Start of Data provided
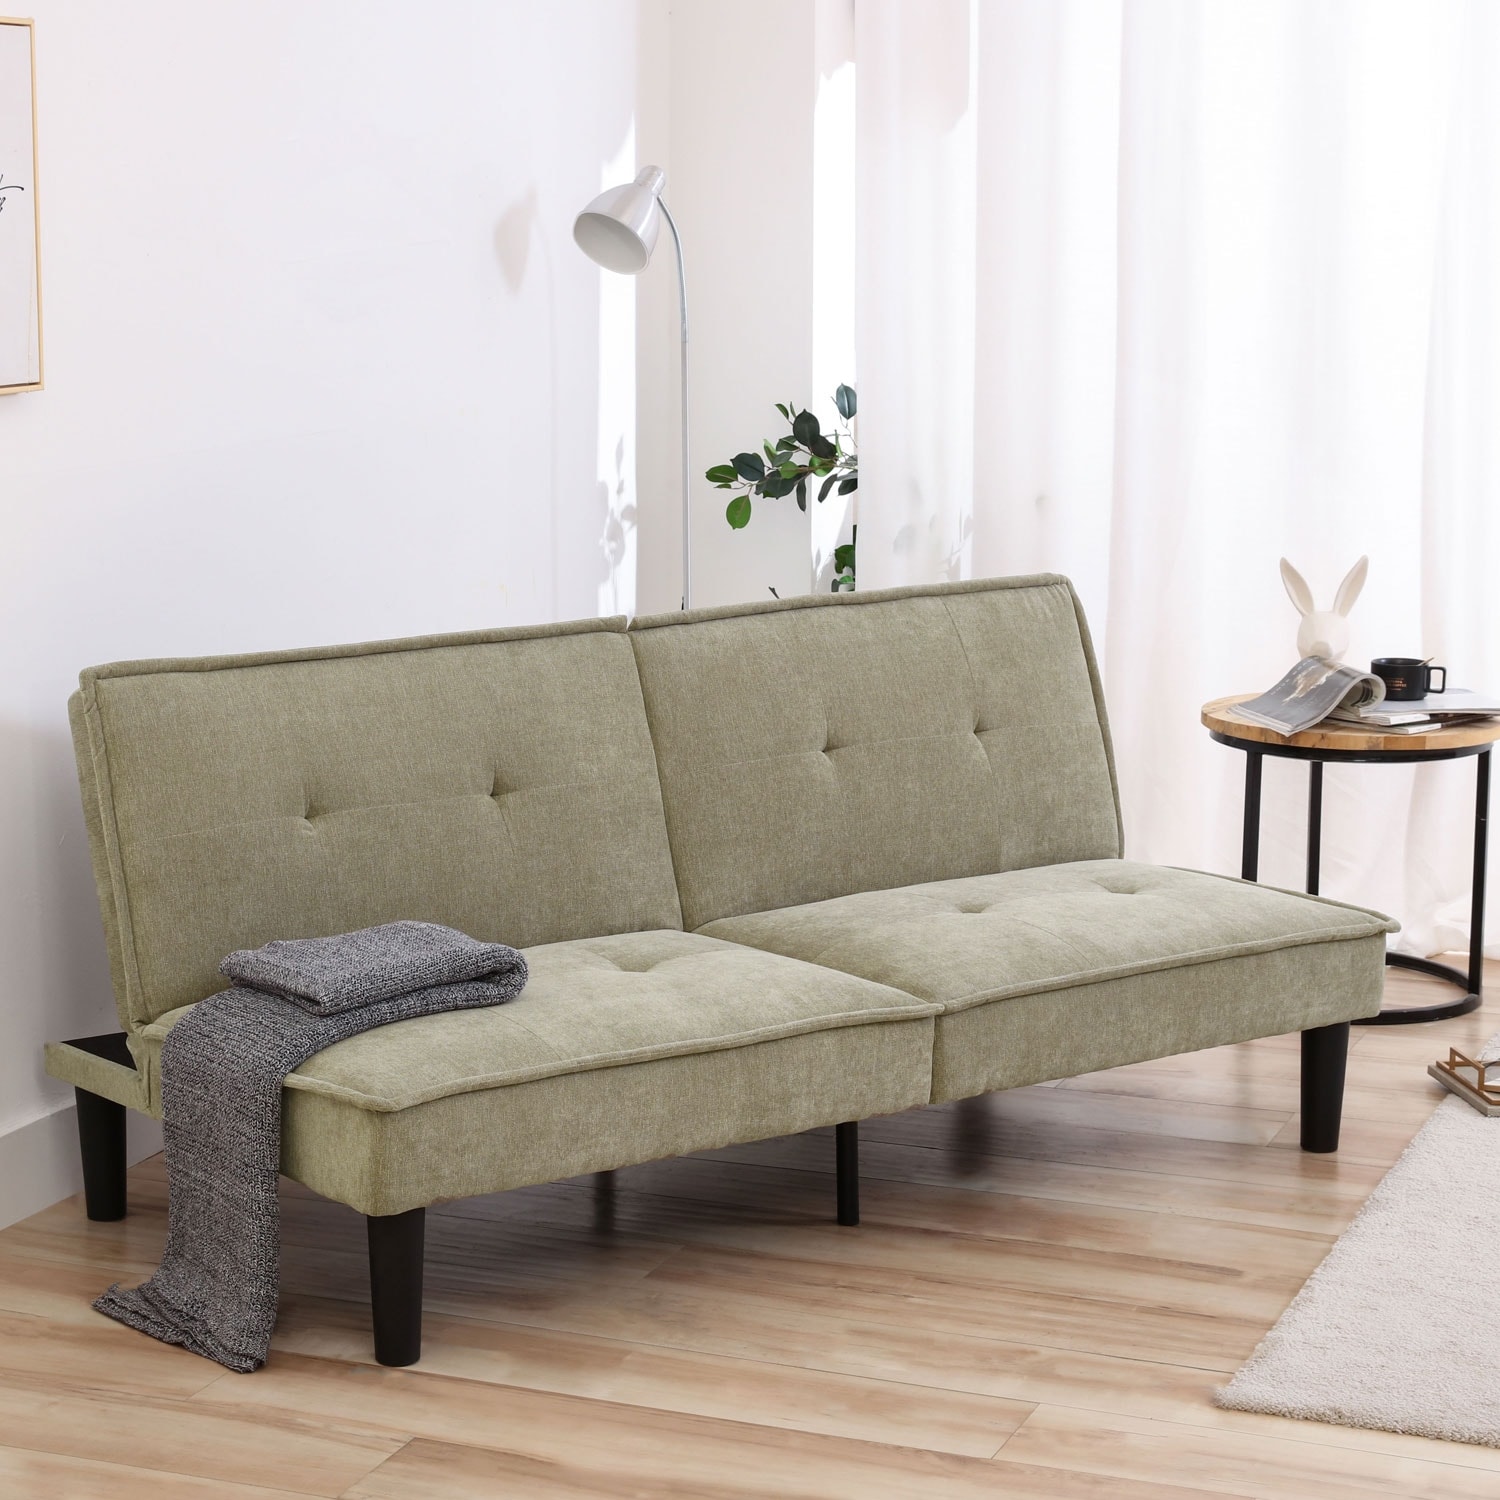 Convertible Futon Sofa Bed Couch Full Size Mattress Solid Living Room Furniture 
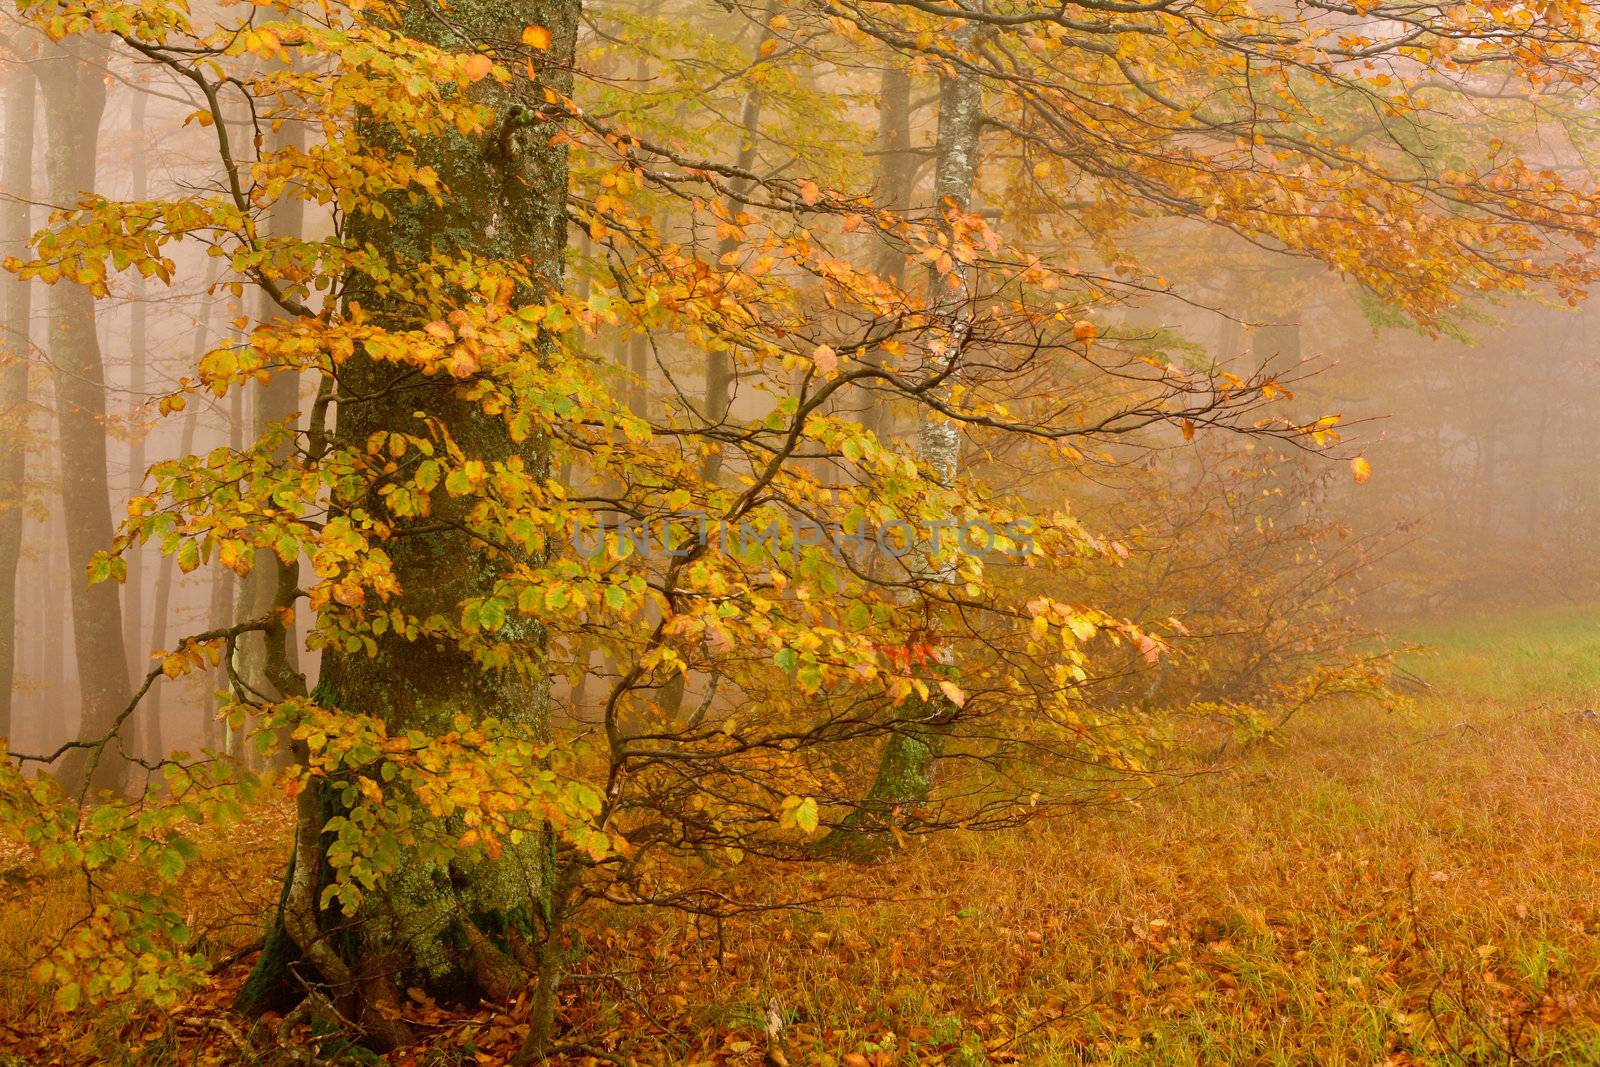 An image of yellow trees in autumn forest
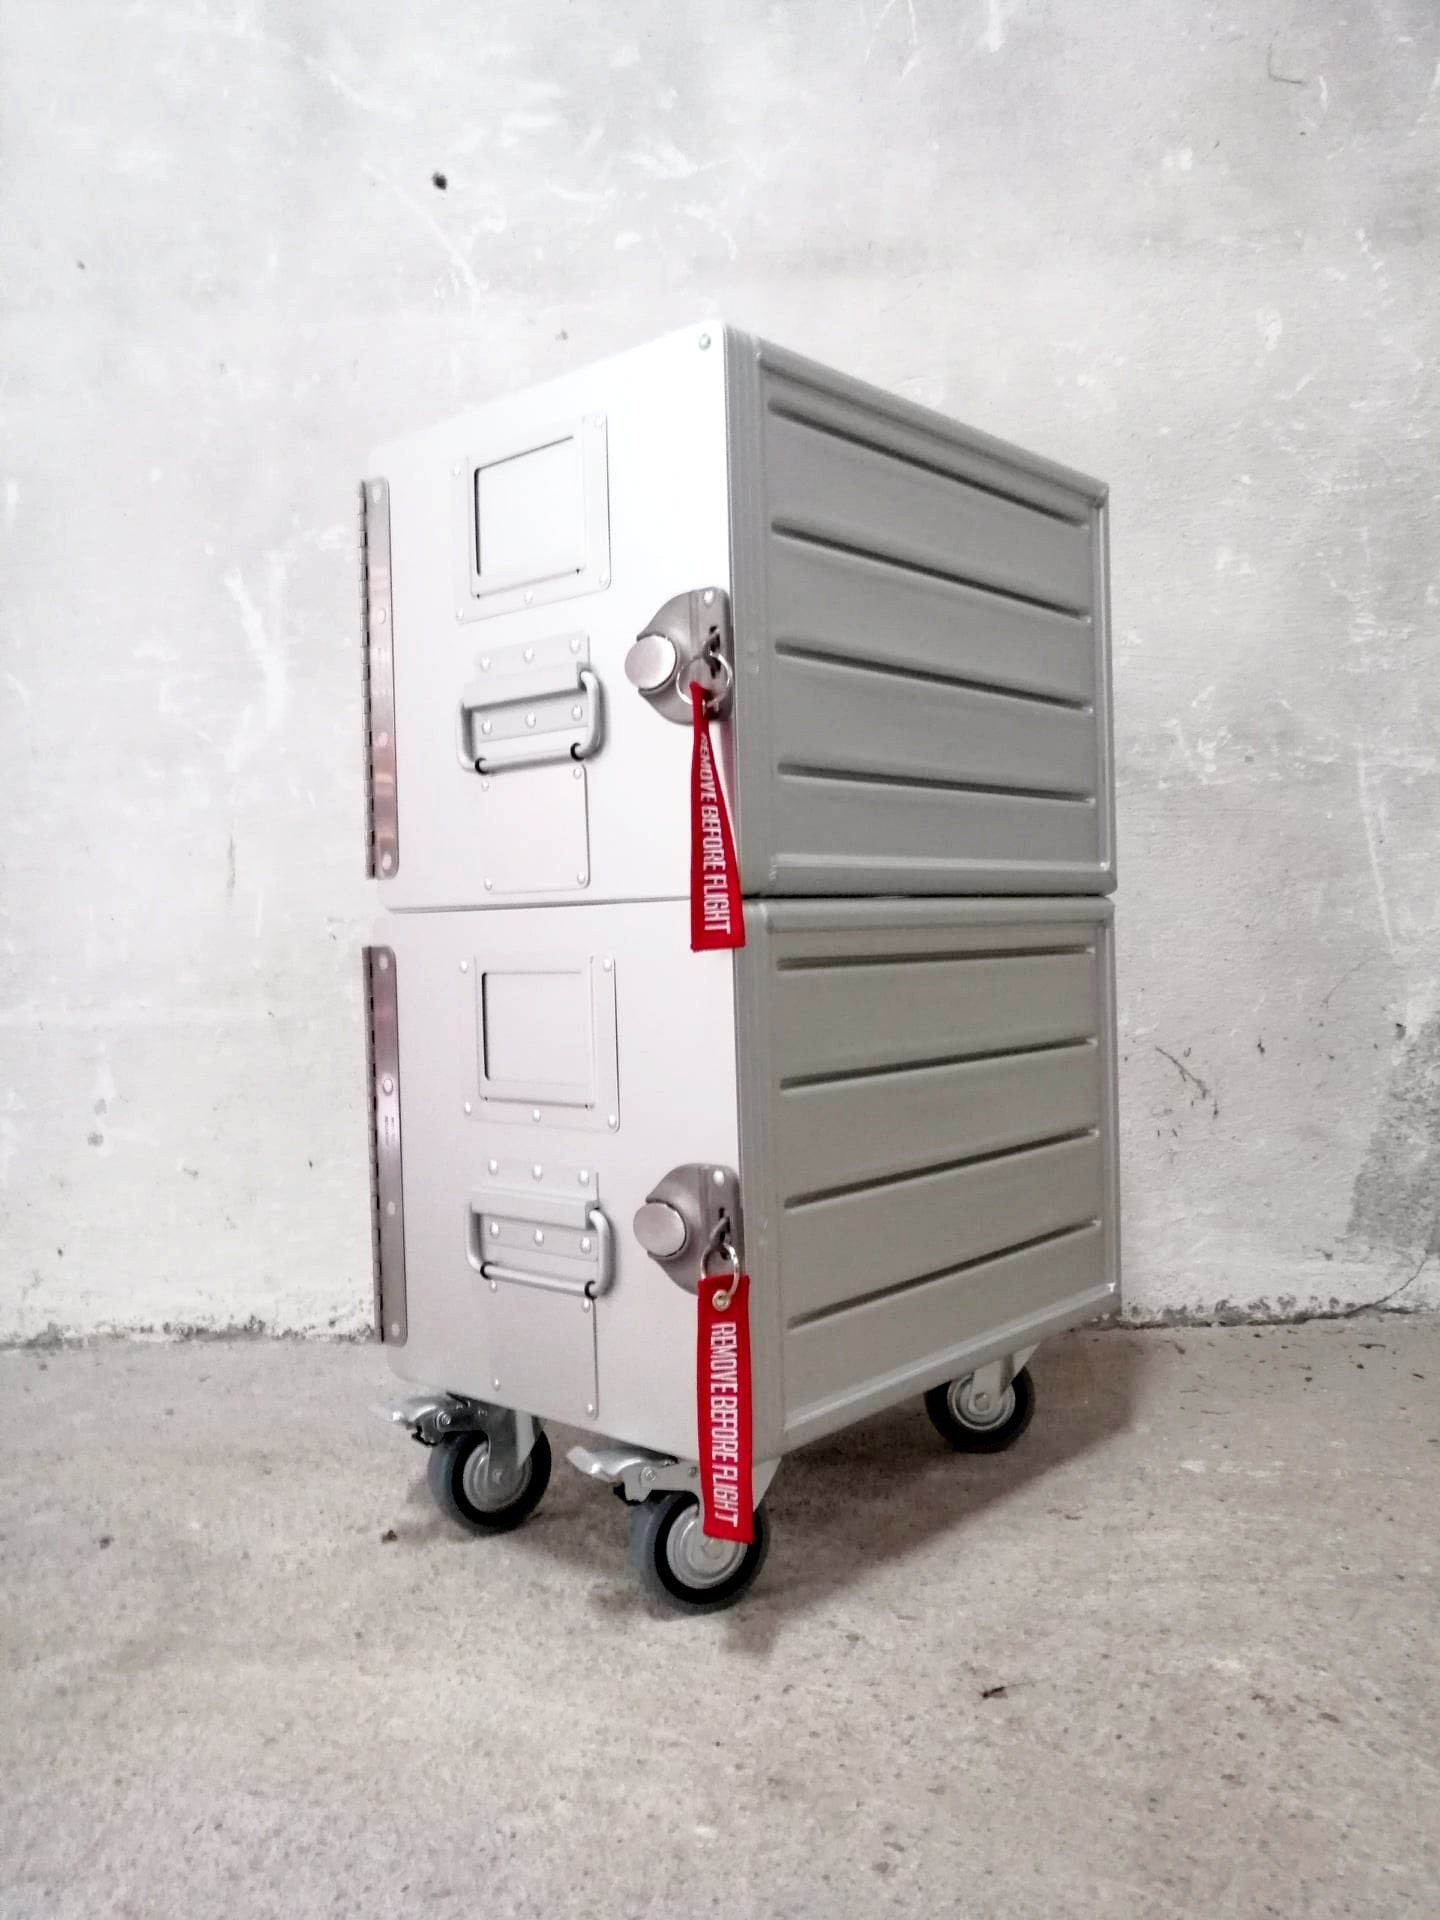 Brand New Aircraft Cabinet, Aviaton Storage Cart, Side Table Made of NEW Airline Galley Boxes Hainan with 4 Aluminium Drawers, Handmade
End of Data provided
Output the full listing verbatim; pictures stay out.

 Convertible Futon Sofa Bed Couch Full Size Mattress Solid Living Room Furniture 
 An image of yellow trees in autumn forest
 Brand New Aircraft Cabinet, Aviaton Storage Cart, Side Table Made of NEW Airline Galley Boxes Hainan with 4 Aluminium Drawers, Handmade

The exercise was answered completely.